## [WHAT YOU WILL DO]
Print the listing below exactly, images excluded.

## [RECORDED INFORMATION]
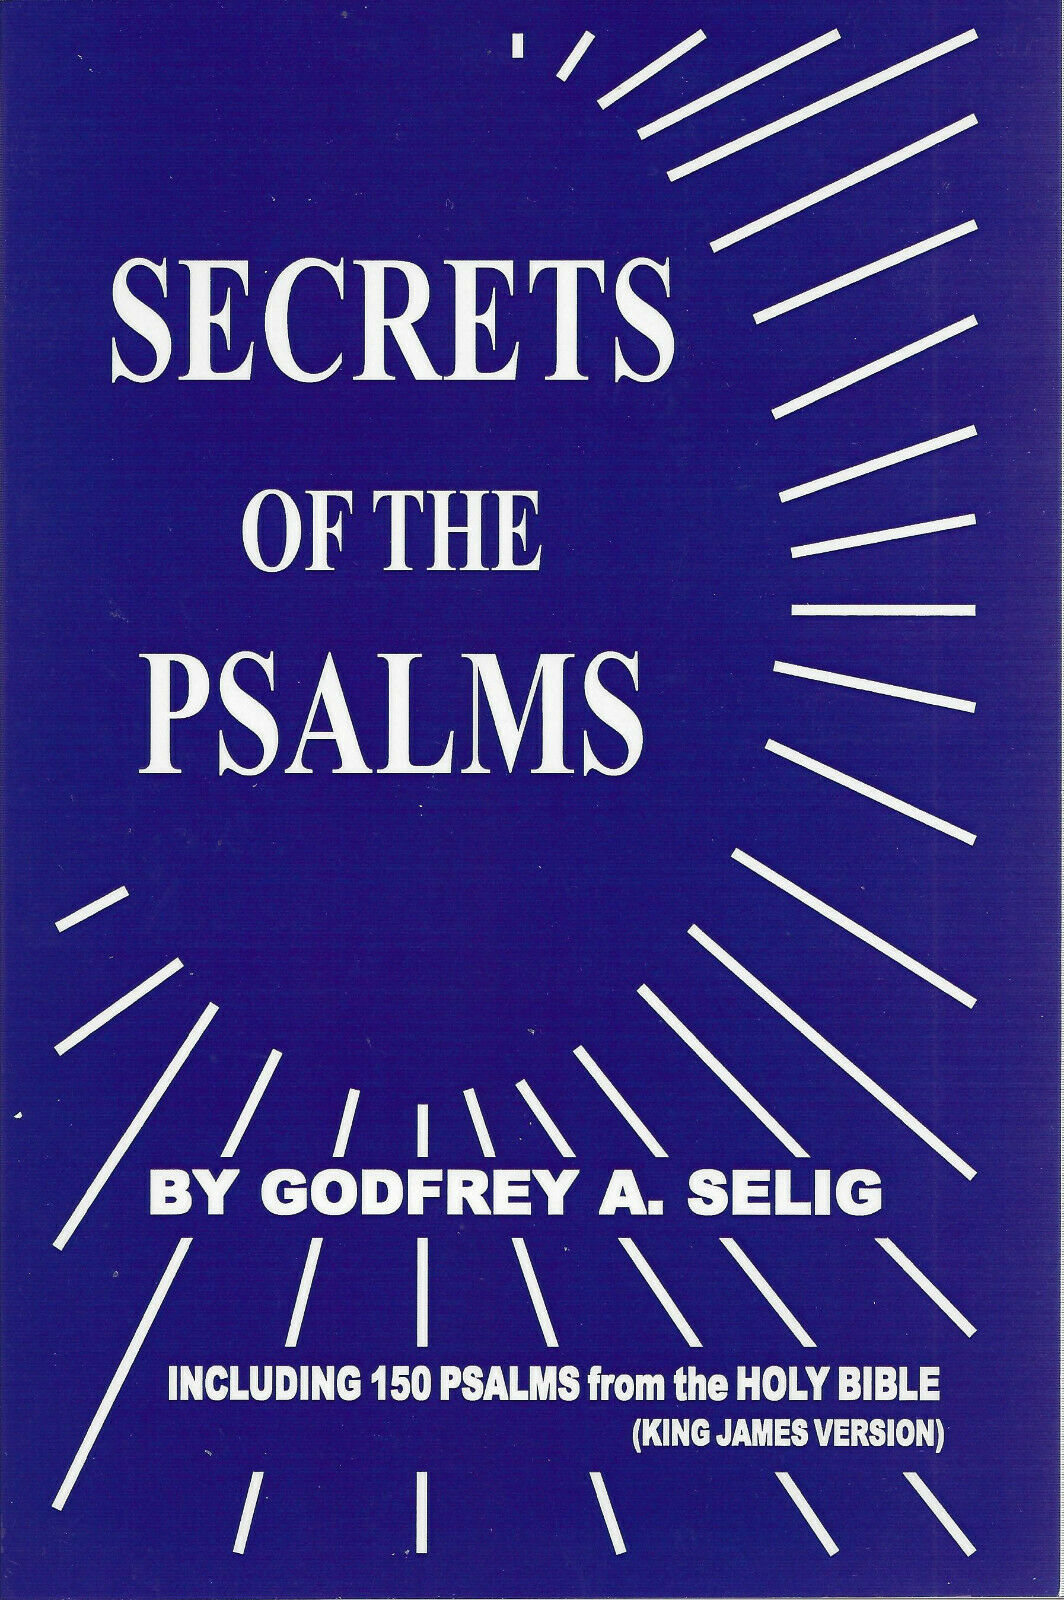 secrets of the psalms by godfrey a. selig pdf
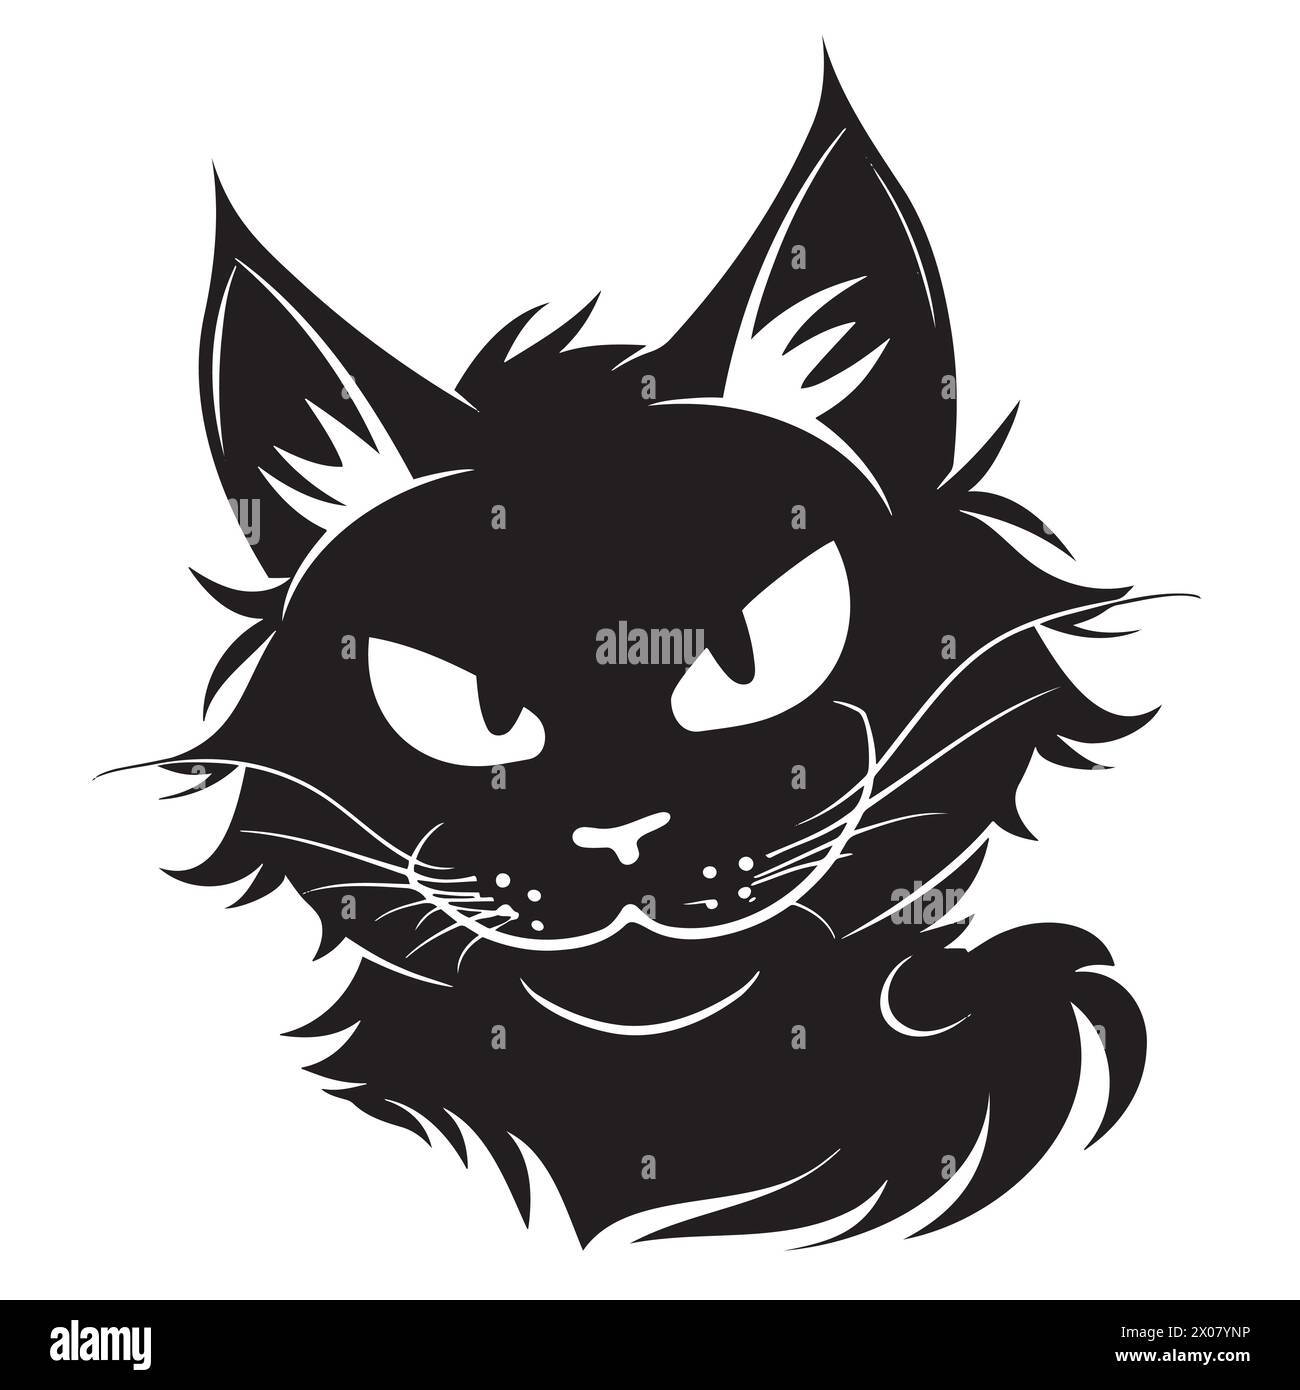 Schwarz-weiß-Zeichnung einer Katze Stock Vektor
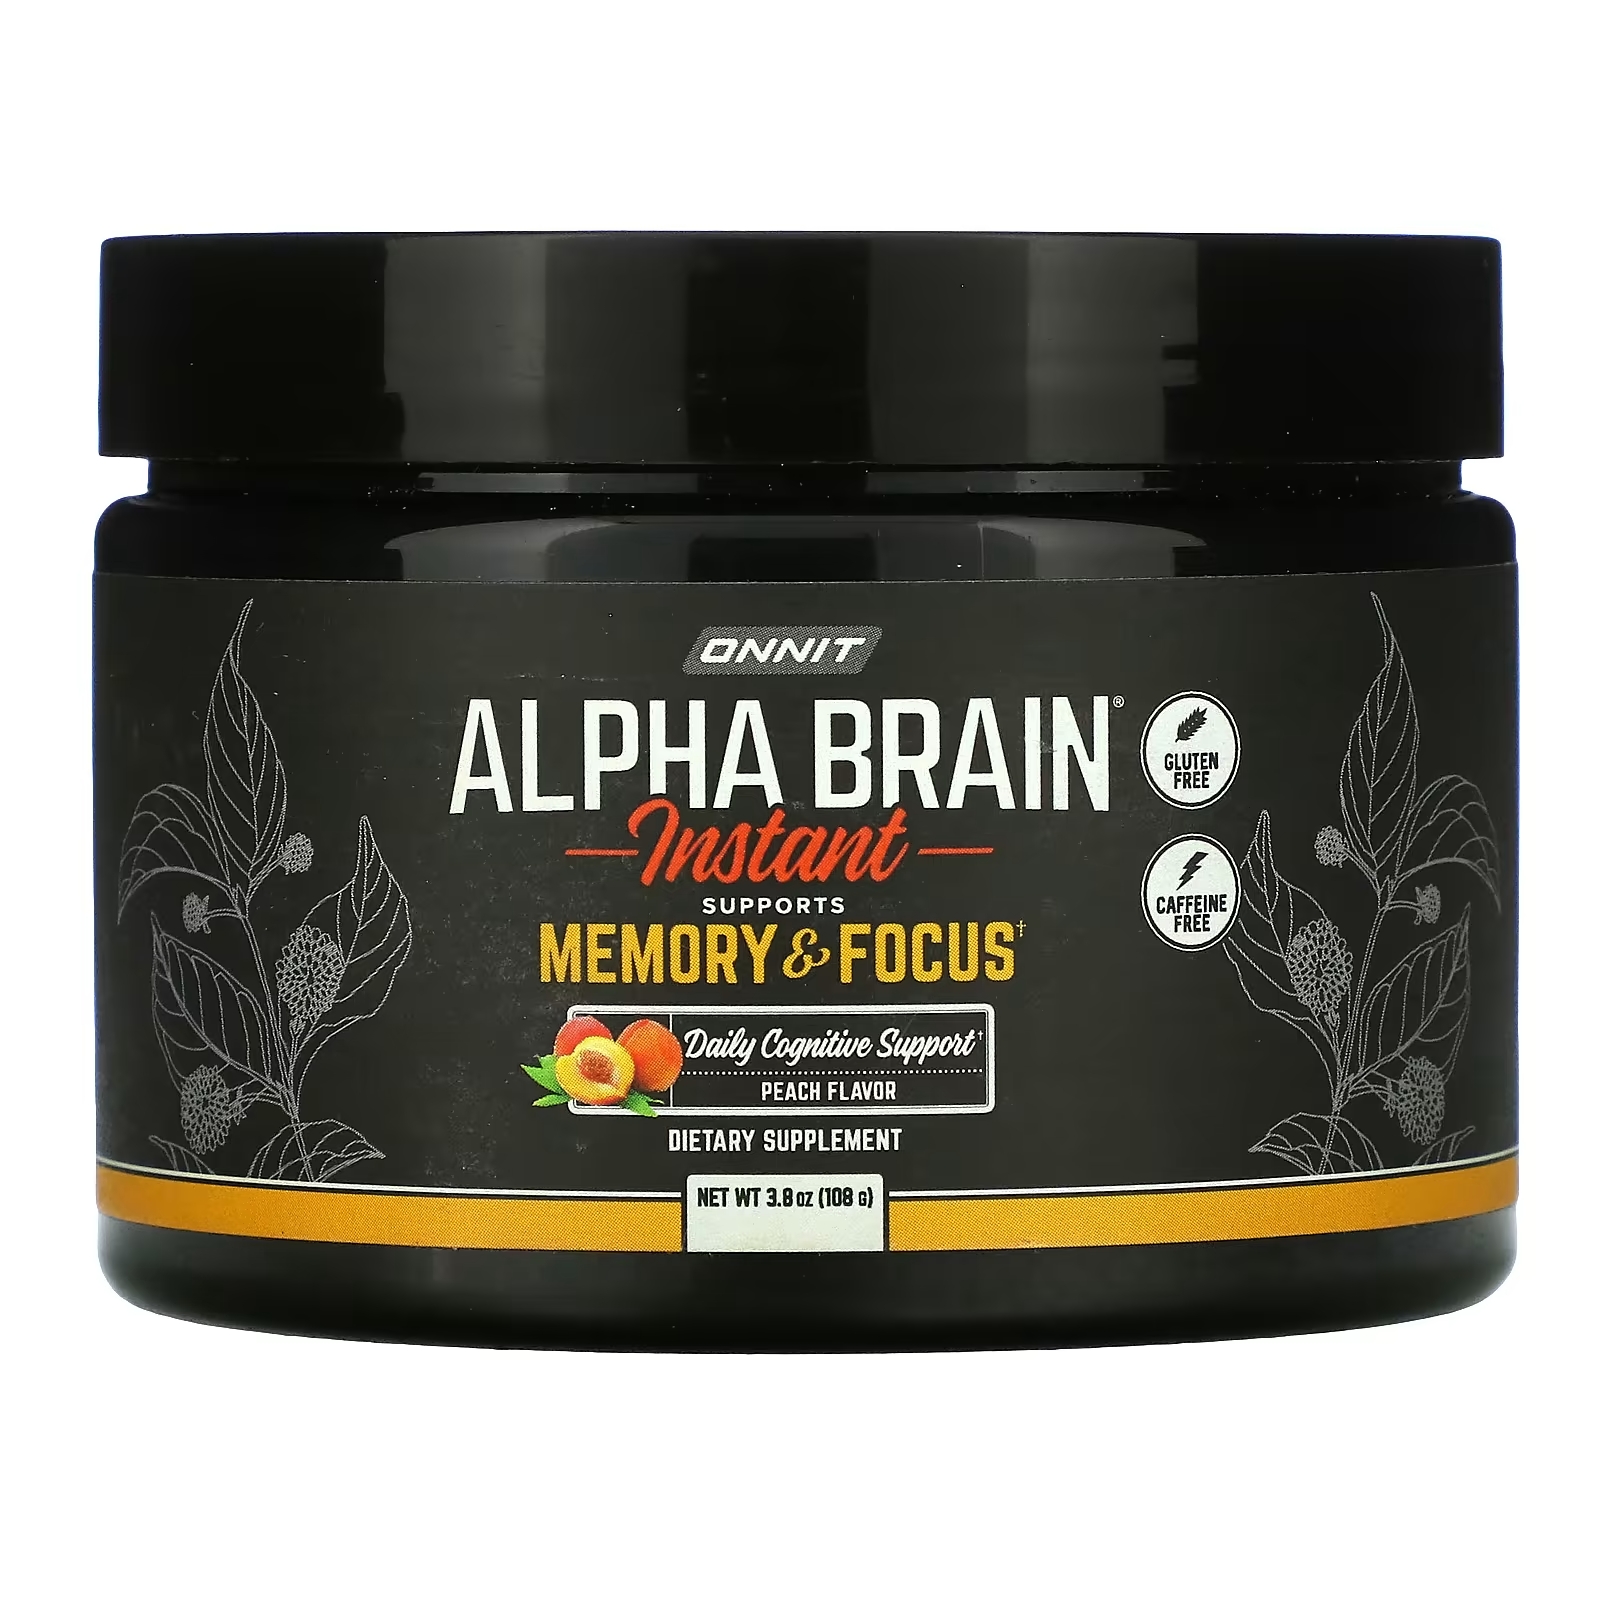 Onnit Alpha Brain Instant для памяти и концентрации внимания персик, 108 г комплекс для концентрации внимания и памяти urban formula brain activator 40
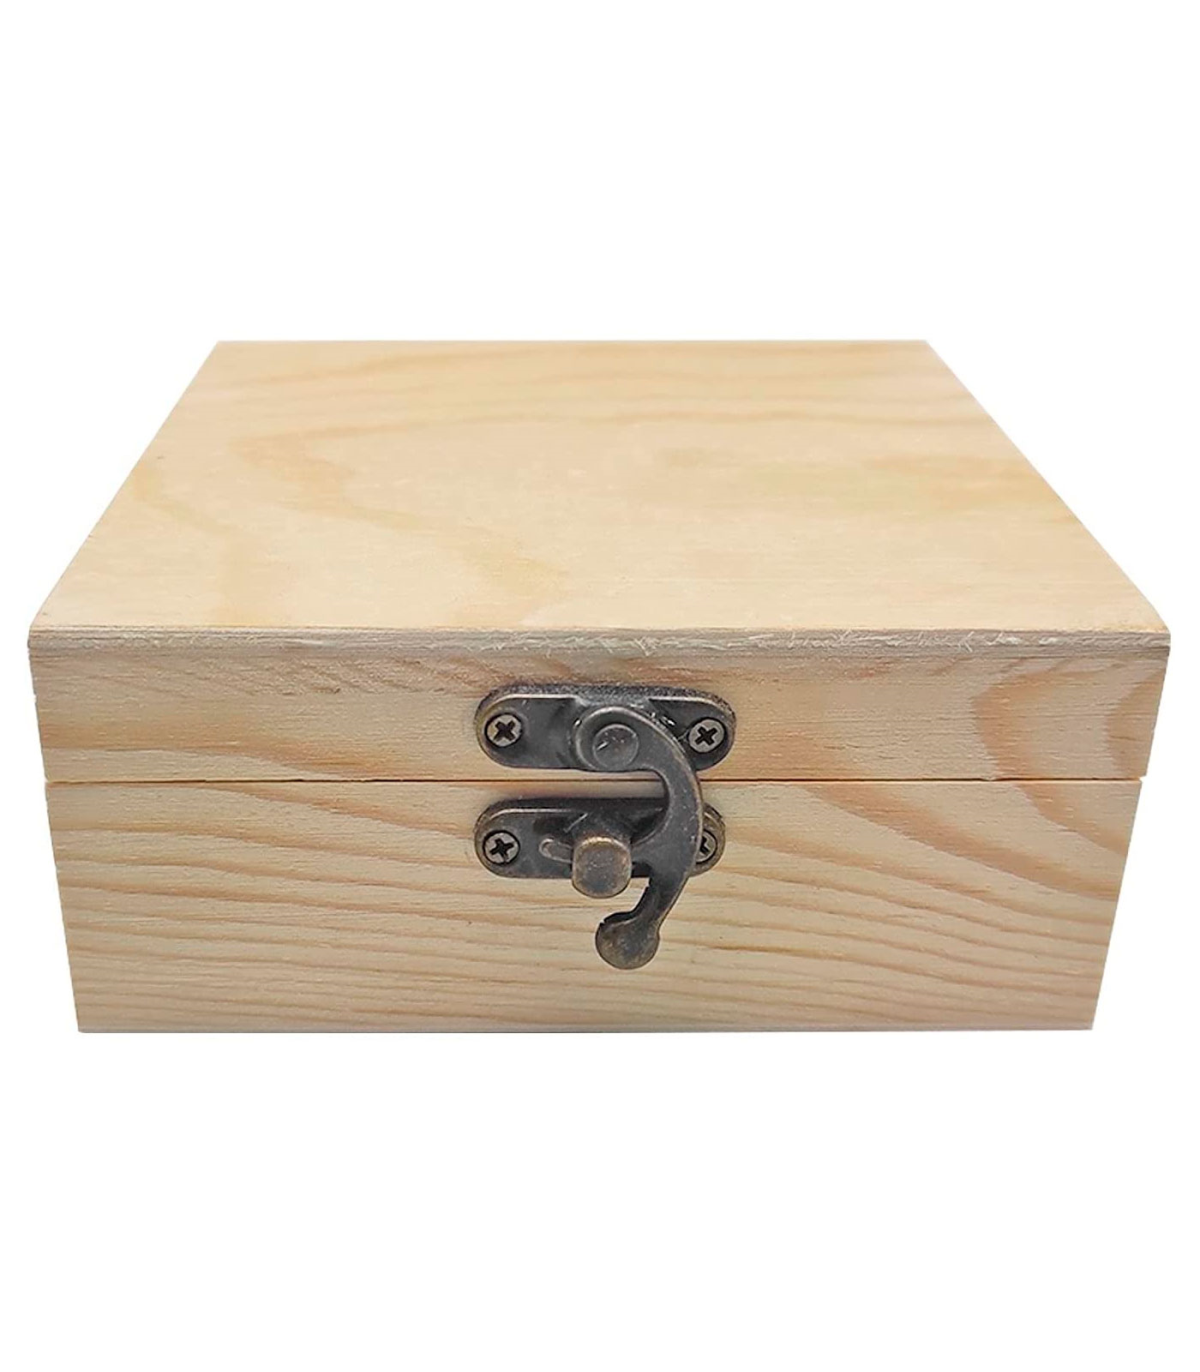 Caja de madera cuadrada con cierre metálico 12 x 12 x 5,3 cm, cajita  decorativa de madera natural sin tratar para manualidades

## [ANSWER TO THE EXERCISE]
 secrets of the psalms by godfrey a. selig pdf
 Schwarz-weiß-Zeichnung einer Katze Stock Vektor
 Onnit Alpha Brain Instant для памяти и концентрации внимания персик, 108 г комплекс для концентрации внимания и памяти urban formula brain activator 40
 Caja de madera cuadrada con cierre metálico 12 x 12 x 5,3 cm, cajita  decorativa de madera natural sin tratar para manualidades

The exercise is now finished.